Once the children deemed the building complete, a few chose to add small details to decorate the inside. Flowers were added as well as a phone. Some of the leaves were swept away revealing a carpet of soft moss inside.

Our current forest fort:

Curiosity Breeds More Questions

One of our morning classes was canceled today, leaving us with an opportunity to head outside and enjoy the lovely fall weather. We took a short hike over to The Bear Track Trail, located on the back side of our playground. This was our first excursion to this section of our school grounds.

While exploring, odd spherical shapes fell from above, clunking along the ground. There was some discussion about whether these were coconuts or walnuts. Either way, everyone wanted to know what might be inside. Many experiments were attempted. They were thrown, stomped on, bounced, and even squeezed. One sure-fire way was eventually found.

So now that we had them open, what were we to think of the squiggly mess we found inside? More and more curious we became. Squeamish my students are not. They quickly began picking the “worms” off of the seeds to examine them. The children spent the better part of twenty minutes inspecting these new finds. Many theories came forward.

Concrete and Abstract Thinking

Early each year I set out the dragon tears (flat glass rocks) and some simple line drawings. They are wonderful for fine-motor practice, but more importantly they are lovely, special things to play with. I added them to the art studio last week after observing many of the children placing a variety of toys in rows and lines.

On purpose, I didn’t explain how they might be used. I wanted to see the ideas that the children bring with them.

This year, a few children decided to use them to line the simple drawings. One child used the lines as boundaries and created their own design within the marks. As I walked around the room observing others, some of children took their exploration further.

Moving from concrete materials to abstract representations of those materials is a perfect example of the developmental growth we see in Pre-k. For younger children, it wouldn’t occur to them to re-make the activity on paper. Their learning focus is on the tangible, the feel of the rocks, the swoops and straight lines, the act of moving the stones. While the older children also found this enjoyable, they were driven to represent their experience in another medium.

We will see this in all areas of development throughout the year. Children will move from activities that involve direct manipulation to those that can represent their experiences. We hope to capture as much of this growth as we can to share with you.

Friendship and being little

Friendship can be messy. As grown-ups, we can easily forget how murky the “friendship” lines can be when we are little. Here are a few of the comments I overheard recently and a break-down of what was actually happening:

“I don’t want to play with you. You always play with me.”

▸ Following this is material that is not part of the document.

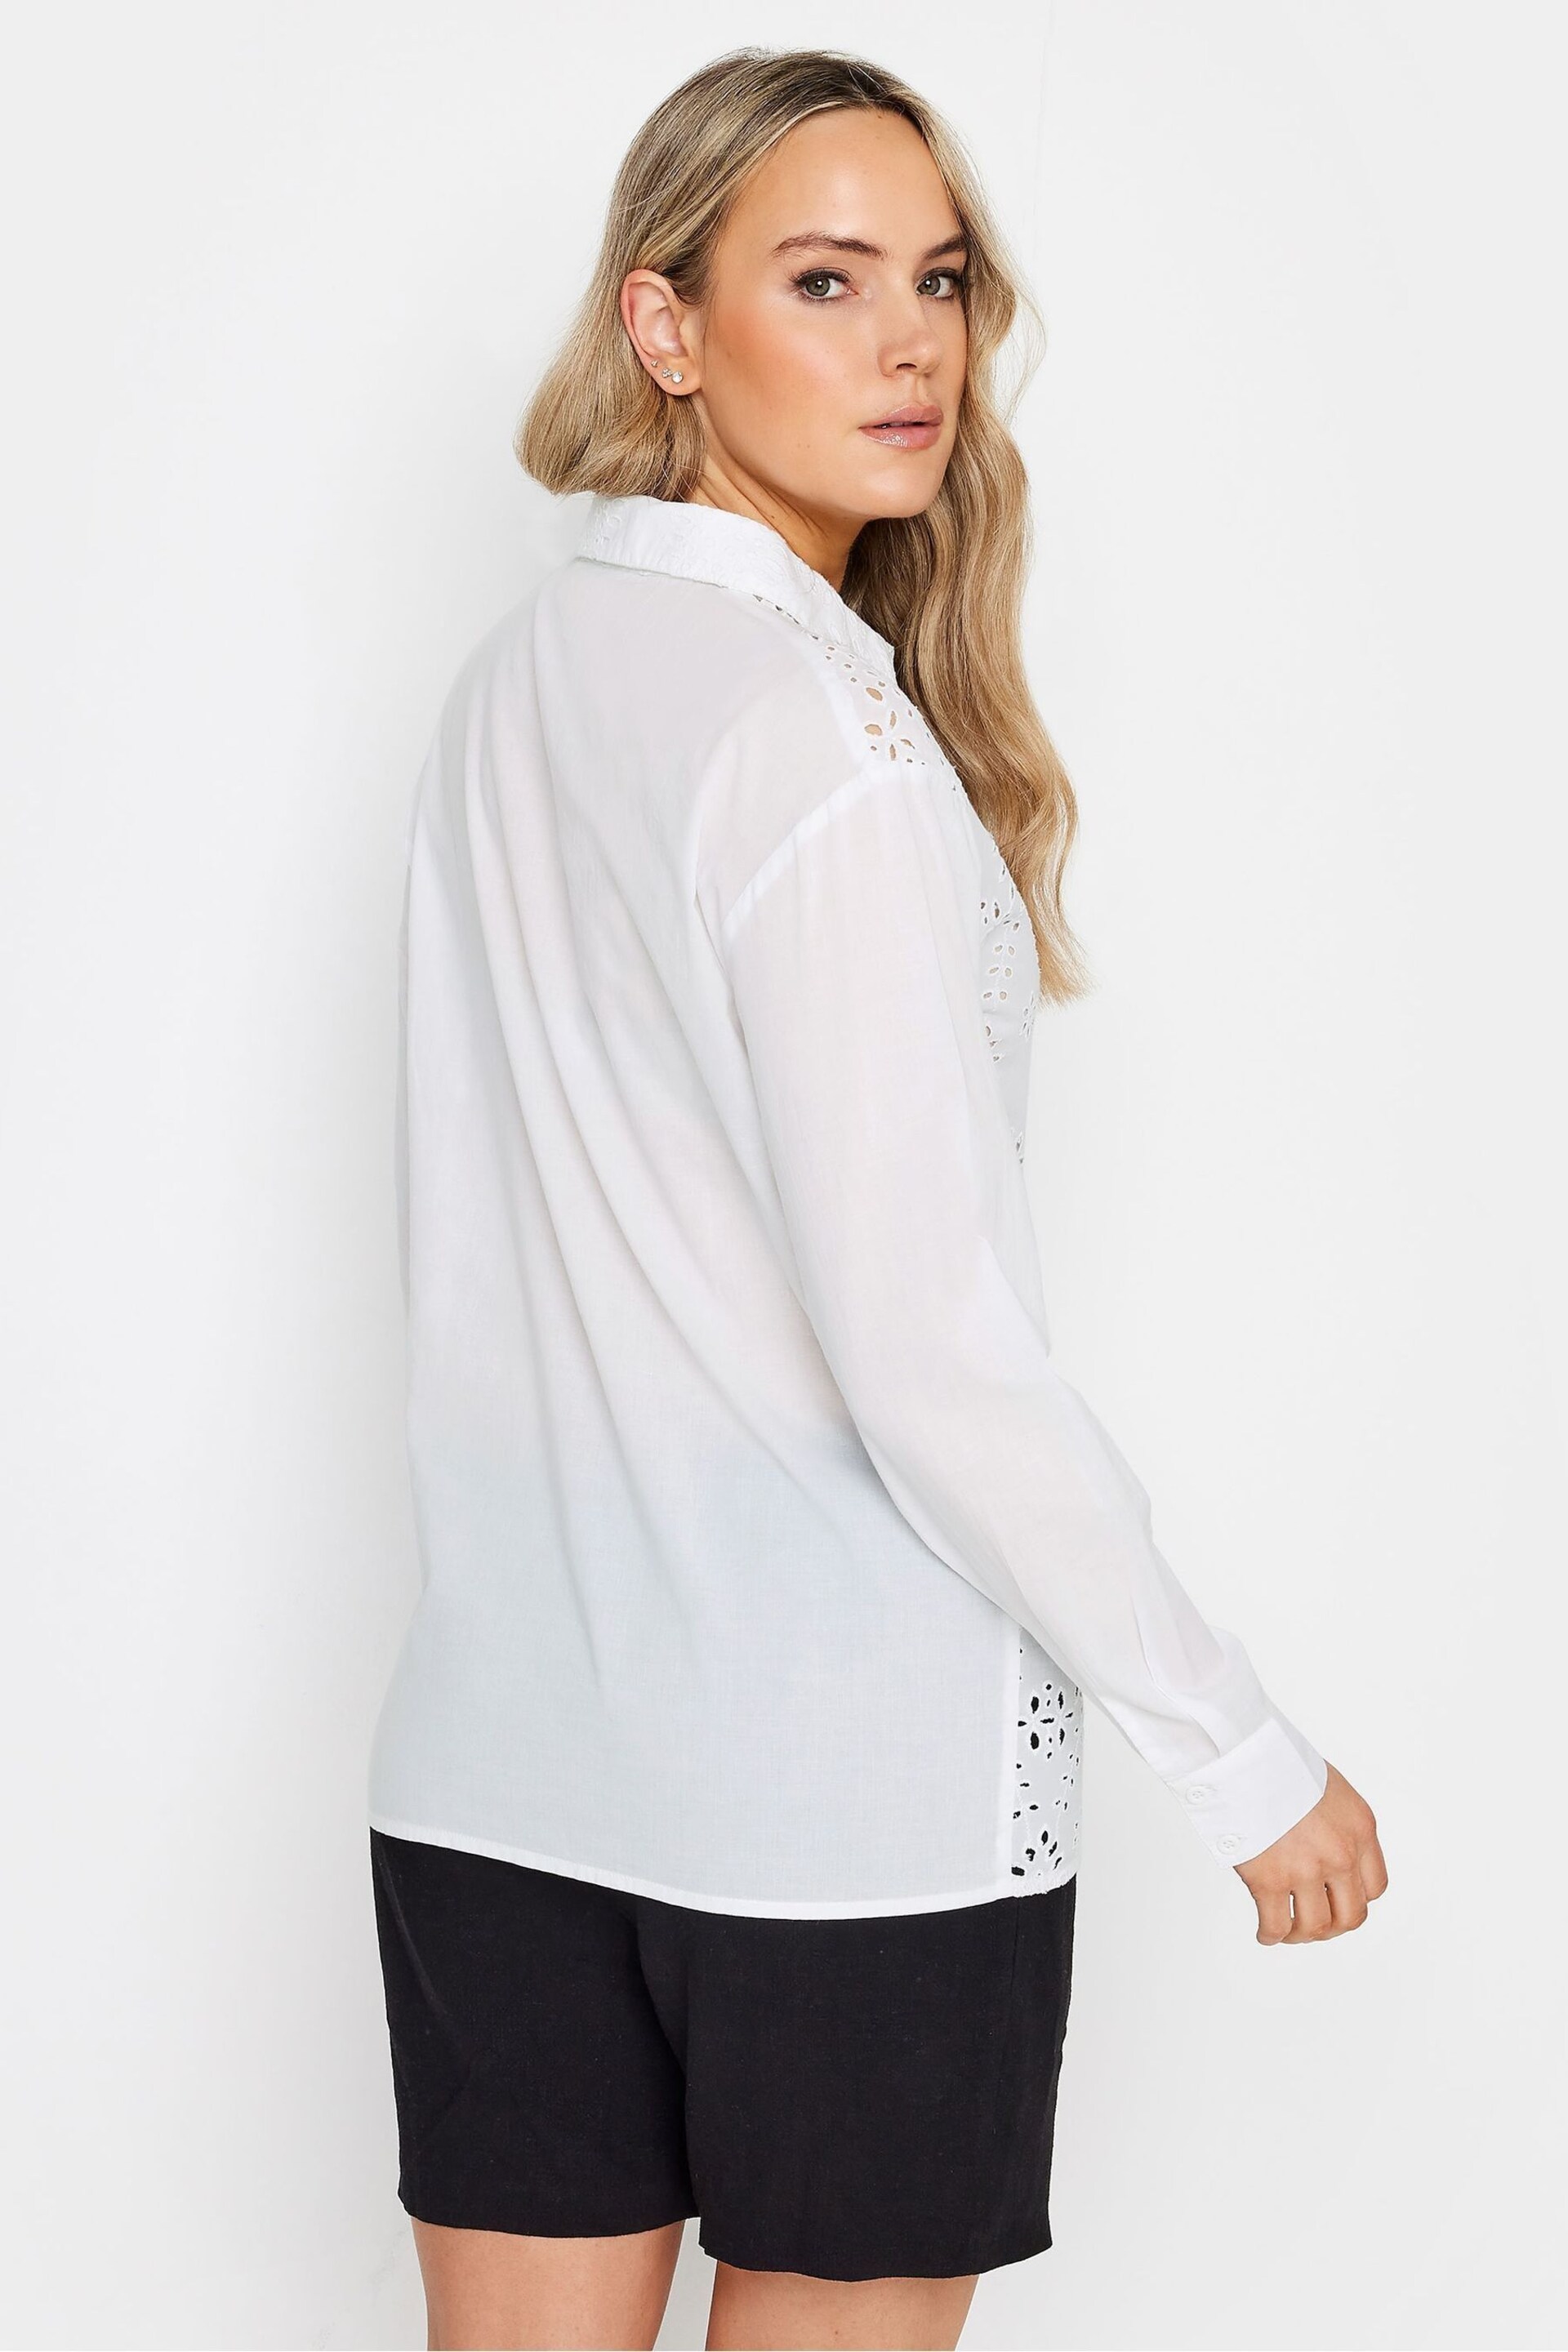 Long Tall Sally White Broderie Long Sleeve Shirt - Image 3 of 4

Four and five-year-olds are naturally egocentric. They are designed this way on purpose. It helps them adapt to a strange world as they encounter new things every moment of their young life. One must learn to have their own perspective before they can understand that of another. When two children find that they have similar interests at the beginning of the year, they often gravitate to either each other or at least the same sets of spaces and materials. At first, it feels like a comfortable connection. As time goes on, one might decide that they would like to try something new with a different friend. This can cause confusion. The child left behind follows the new pair trying to join in, just like every other day. The child who wanted to play with someone else can’t see the perspective of the other and thinks they are just “copying” or “following them everywhere.” As grown-ups, it’s our job to recognize the feelings of both children. Children have a right to play with a variety of classmates AND they have a right to want to continue to play with the one friend they’ve made a connection with so far.

So, how do we solve this dilemma? Today I spoke to this pair to help them communicate more meaning than just, “I don’t want to play with you.” We found out that the follower simply likes the other child, that’s why they were following them. We also found out that the child who didn’t want to play would be happy to play with the other later. He just wanted to play with someone else right now. Once we had more information and language that explained our feelings better, both parties agreed to move off to other groups.

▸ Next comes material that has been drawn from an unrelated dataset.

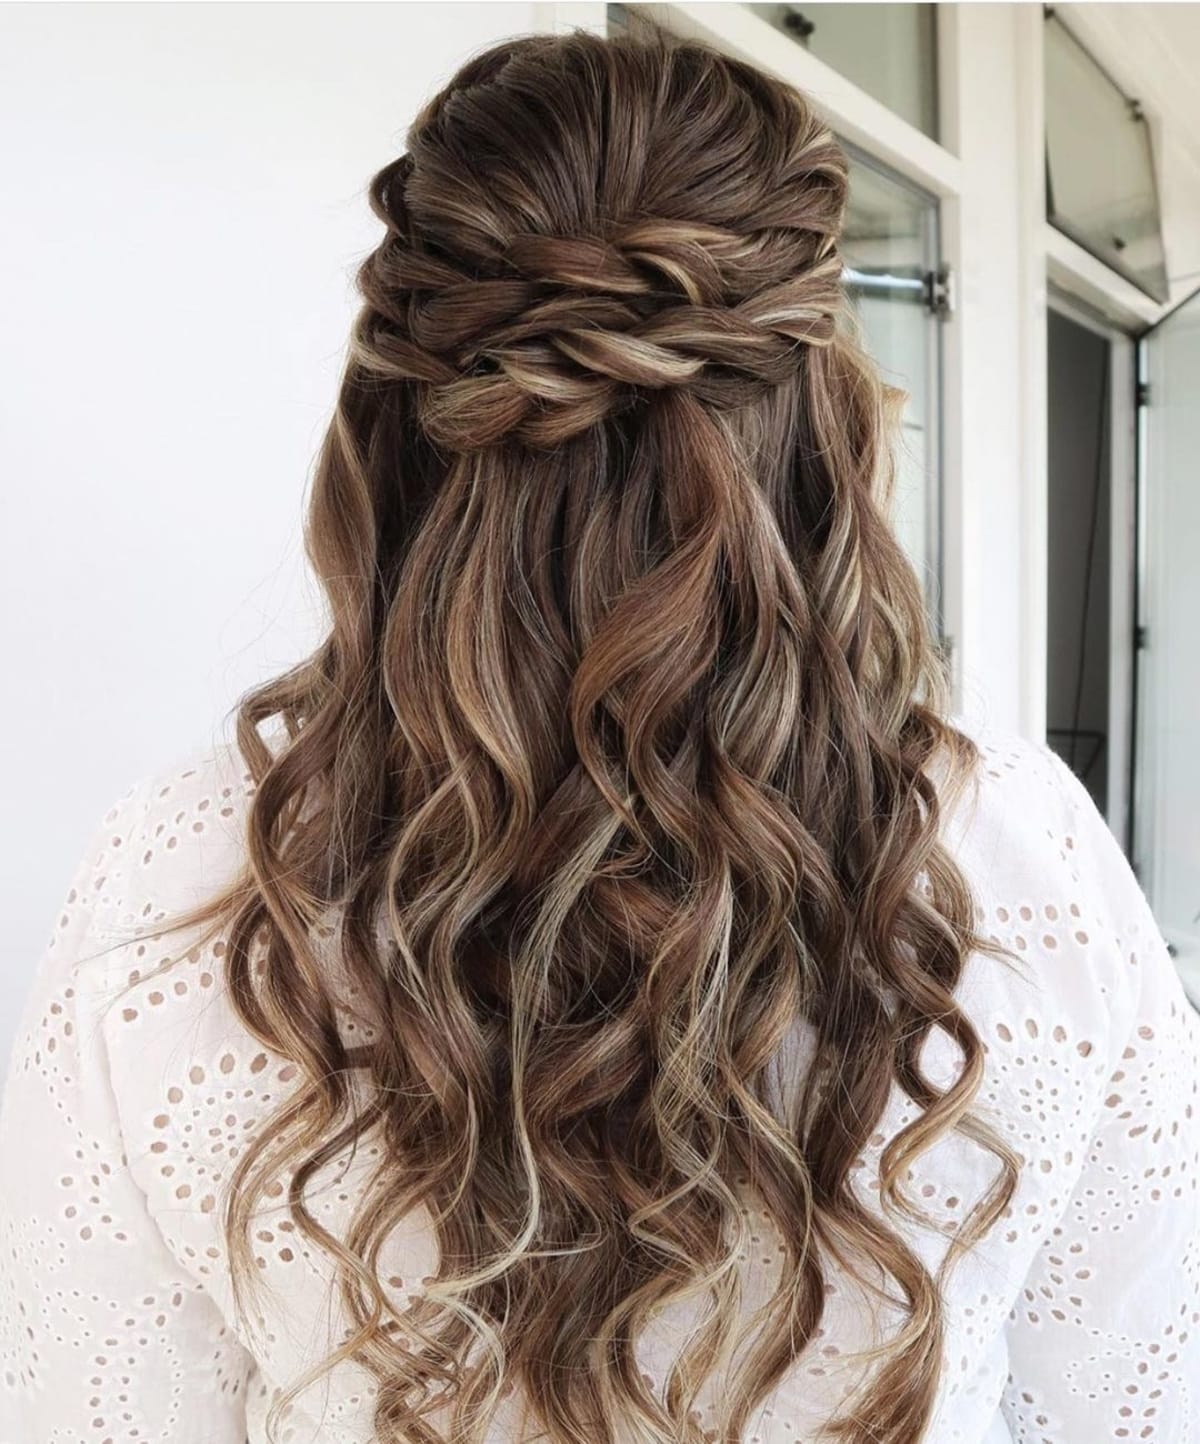 Casual twisted braid hairstyle

Fast-forward to later in the afternoon: The “I don’t want to play with you” child was holding the hand of the other, gently tugging and saying, “You are on my team!”

“I want to play alone right now.”

Sometimes, people just want to be alone. This is very hard to understand when you are in Pre-K. If you want to play with someone, it is obvious that they would want to play with you. If someone says they want to be alone, you often jump to the conclusion that they don’t like you anymore. We guide the children through these experiences by having both children talk together about what they want at the moment. Realizing that your classmate wants to be alone for a little while instead of forever helps both parties gain understanding.

“No one wants to play with me.”

We hear this comment very often in the beginning of the year. Digging a bit deeper, we find that the child who is alone is either unsure of how to join another group already in play or they want to play a different story or game. In the case of the latter, usually they have not actually asked anyone to play their game, instead just asking, “Will you play with me?” We teach the children two different strategies in the instances above.

If you see a group you’d like to join, we suggest asking, “How can I play?” This will give the group and the child a way to blend a new person into the game. It is also a question that cannot be answered with a single affirmative or negative response.

When you have an idea of what you’d like to play, we suggest telling others your idea. “Mandy, I want to play cats. Do you want to be a cat?” This opens up the dialogue if your classmate has a different idea or is fully interested in your idea.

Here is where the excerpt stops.